* _Work instructions_
The data that follows is to be copied exactly, with each image removed.

* _Data shown_
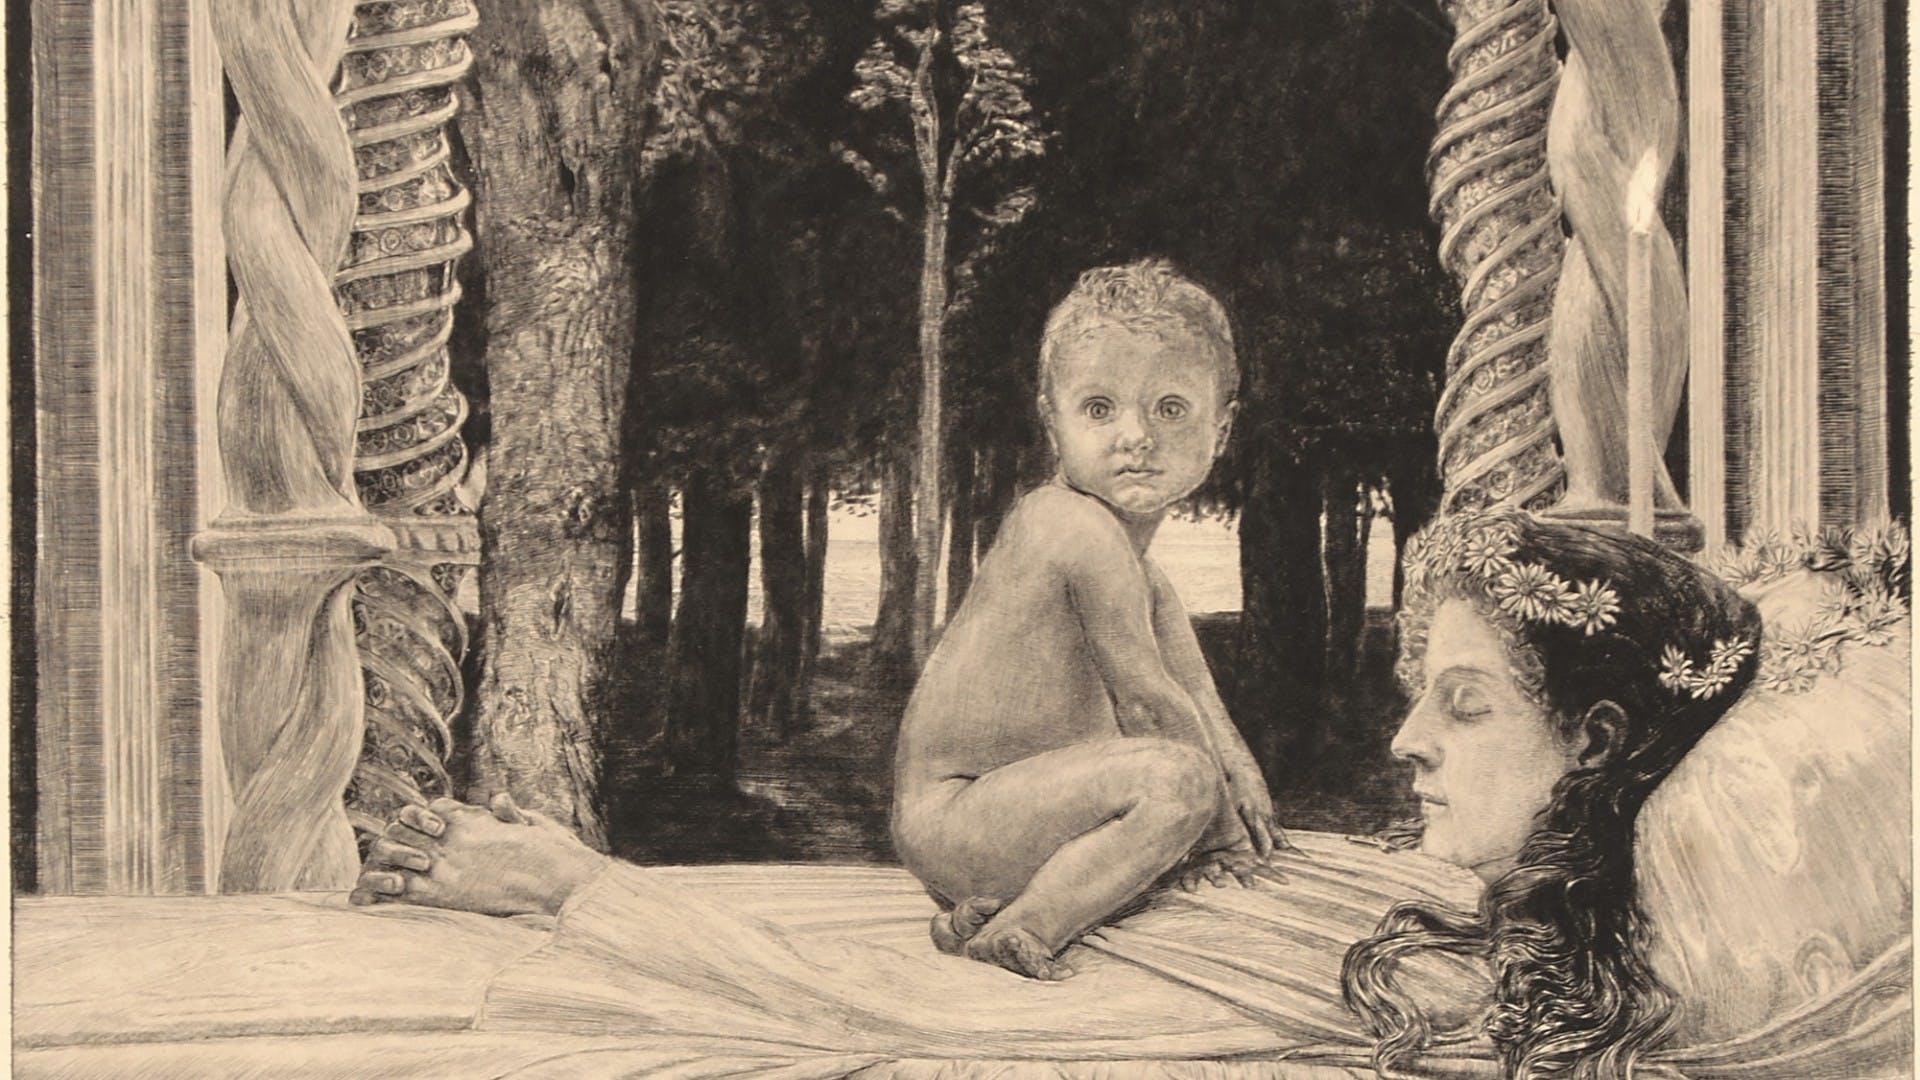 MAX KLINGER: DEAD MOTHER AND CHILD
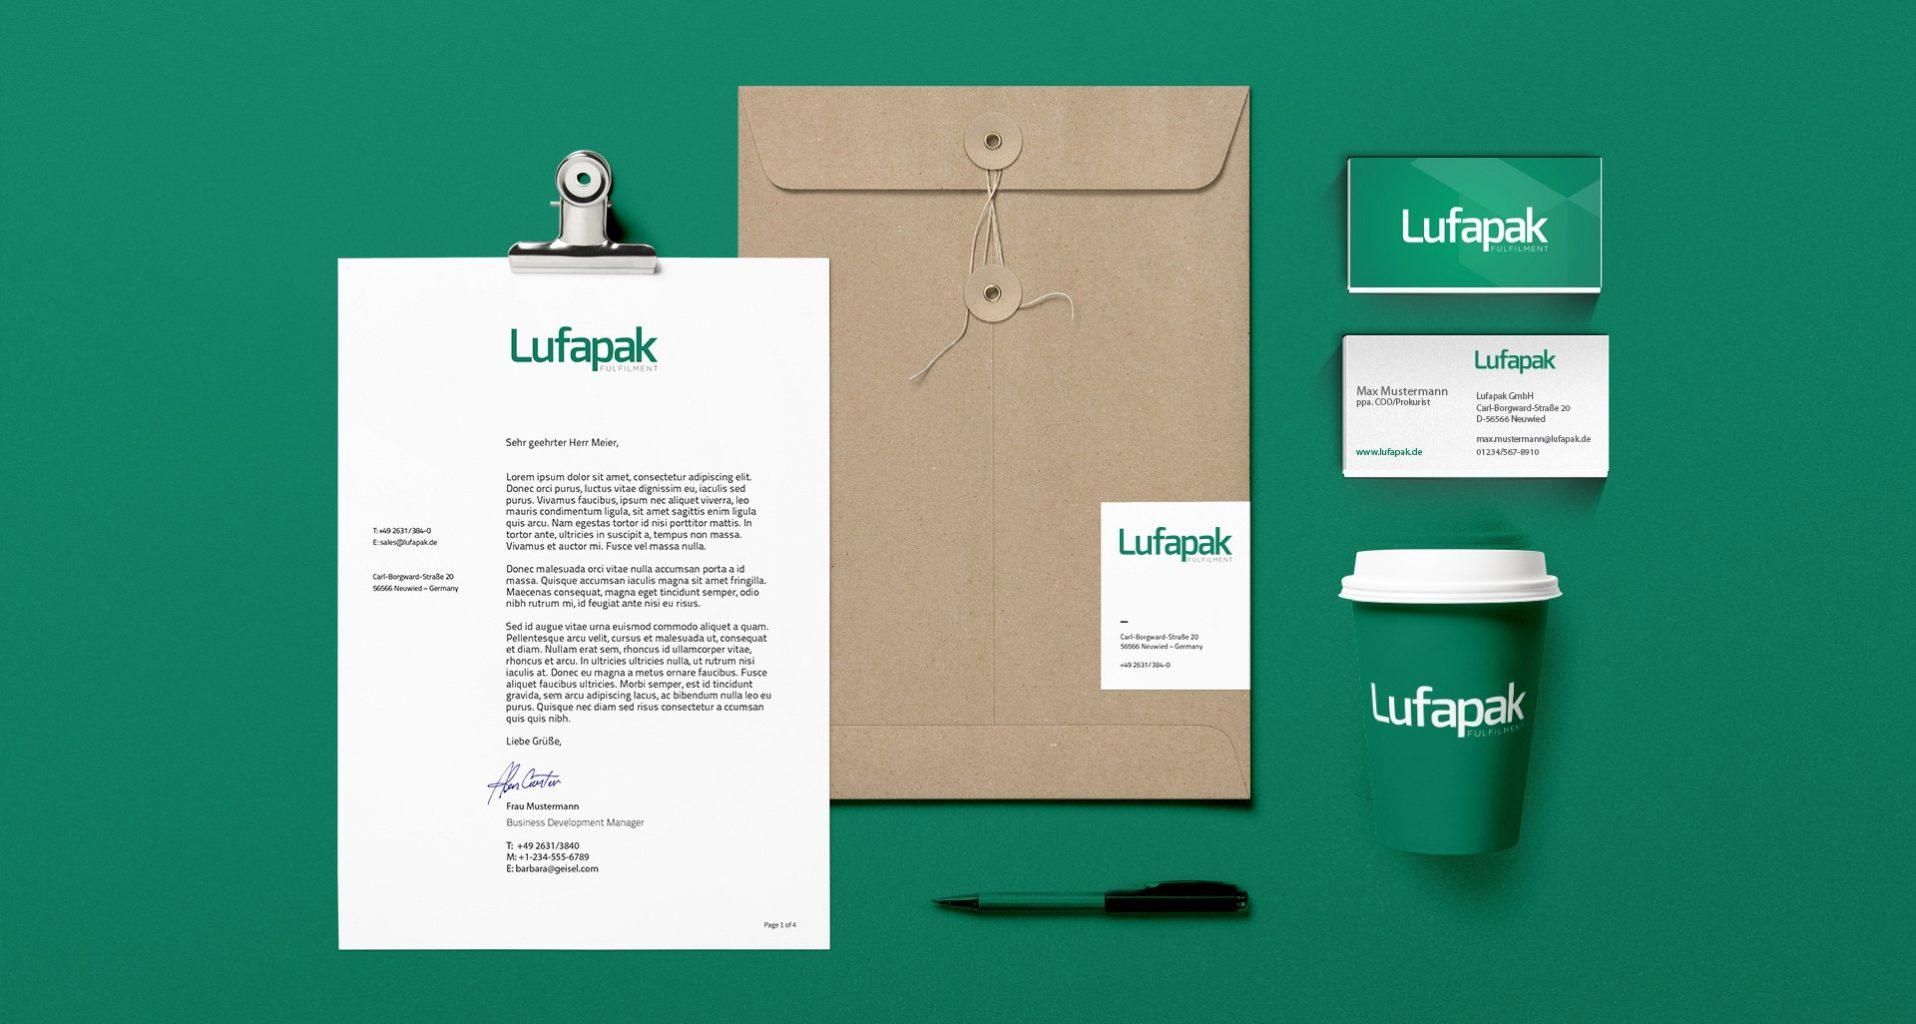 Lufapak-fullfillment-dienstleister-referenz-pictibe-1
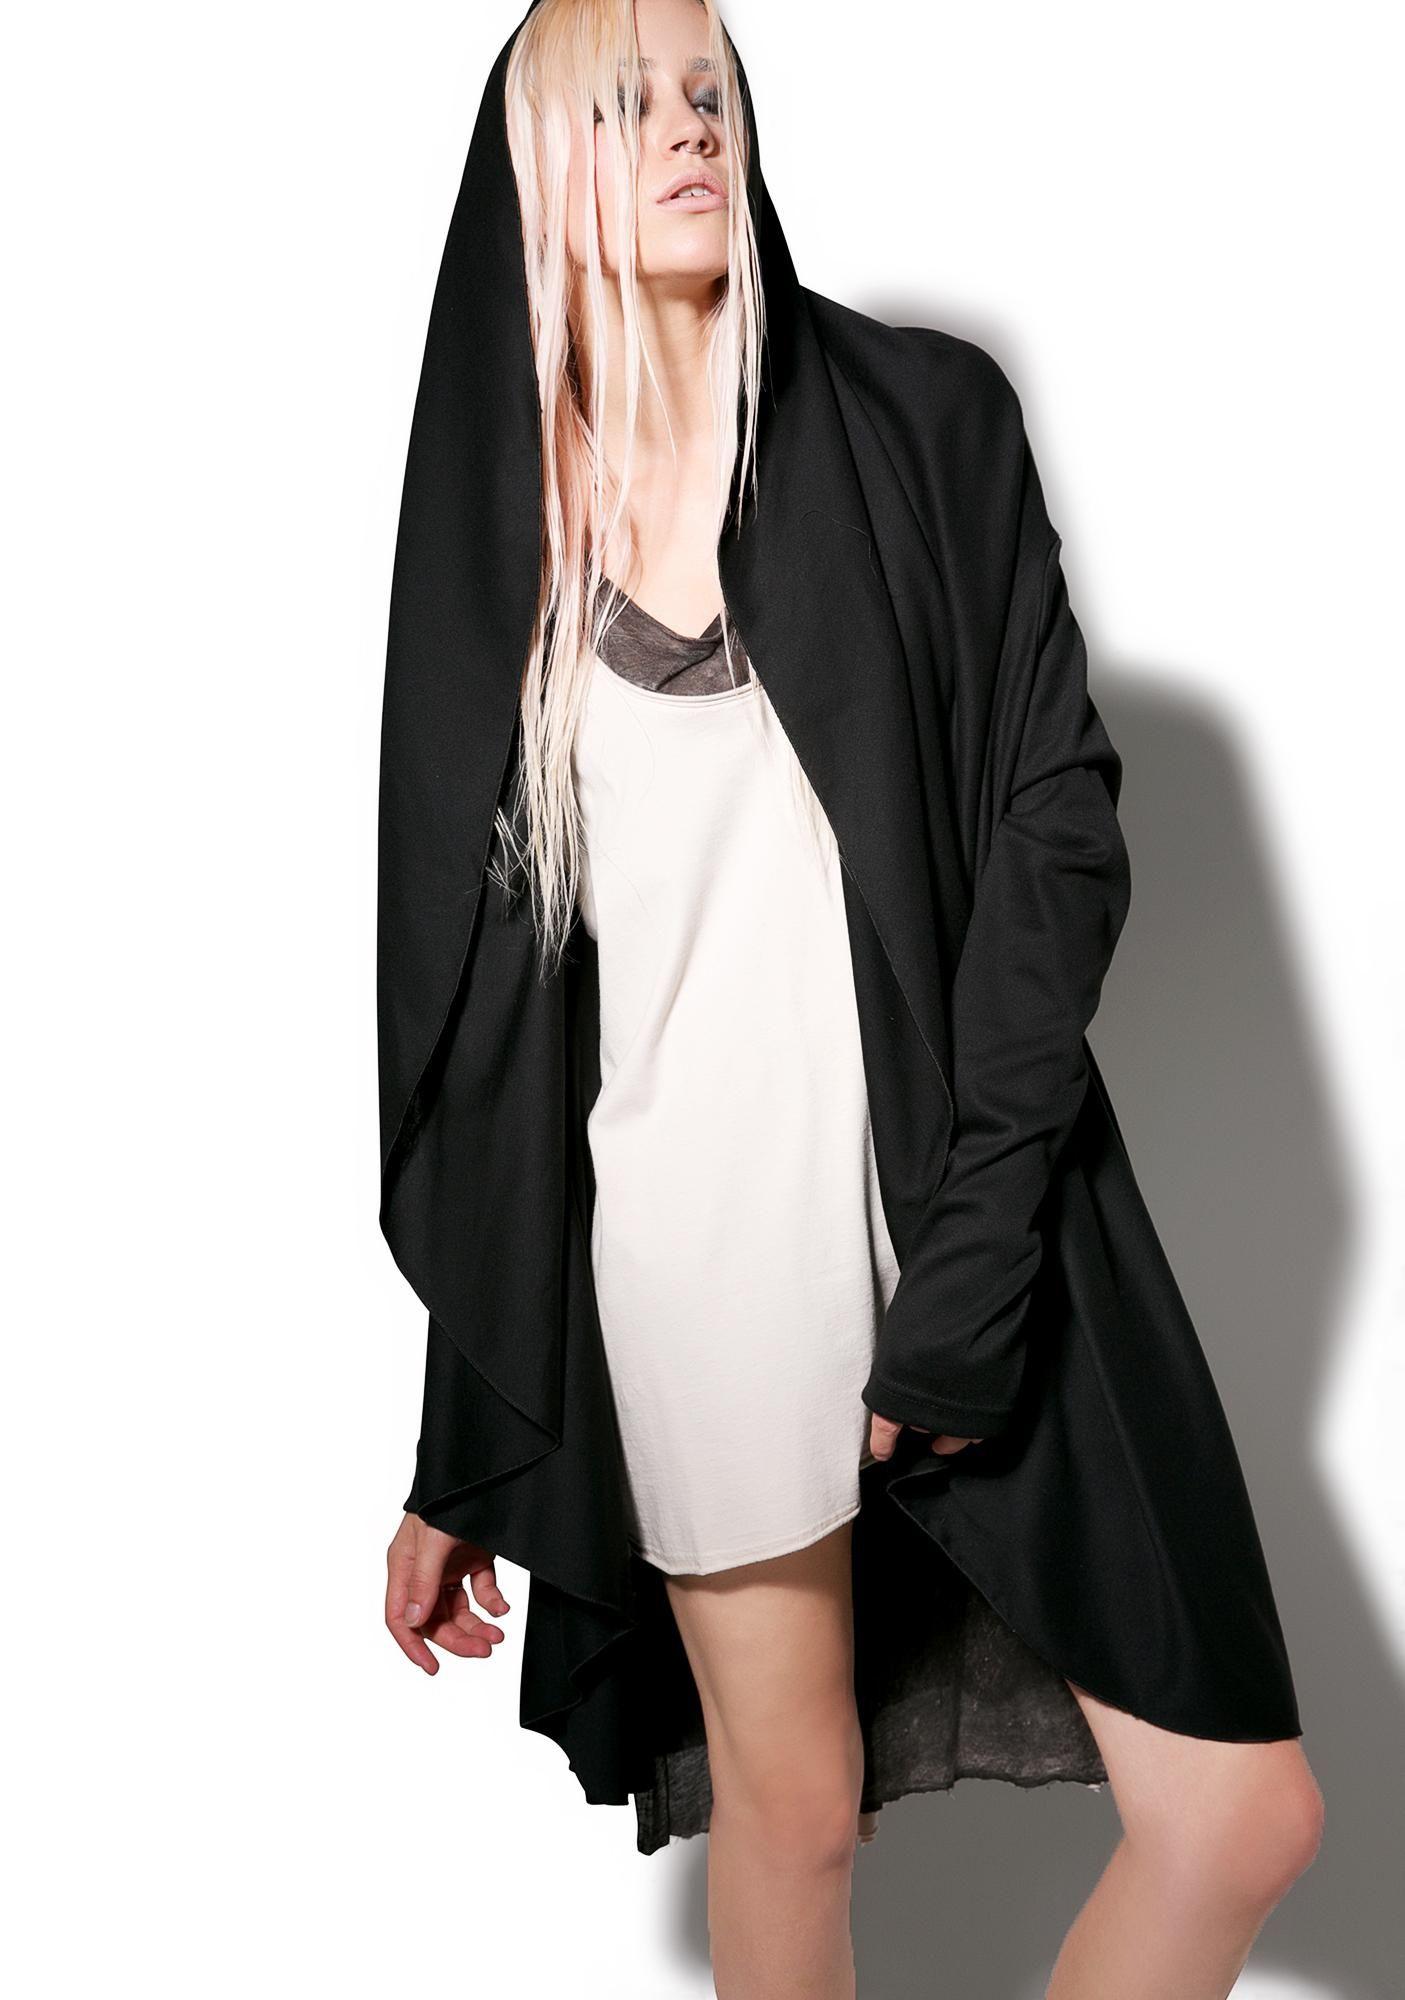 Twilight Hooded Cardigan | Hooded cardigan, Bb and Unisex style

* _Answer for this exercise_
 MAX KLINGER: DEAD MOTHER AND CHILD
 Lufapak-fullfillment-dienstleister-referenz-pictibe-1
 Twilight Hooded Cardigan | Hooded cardigan, Bb and Unisex style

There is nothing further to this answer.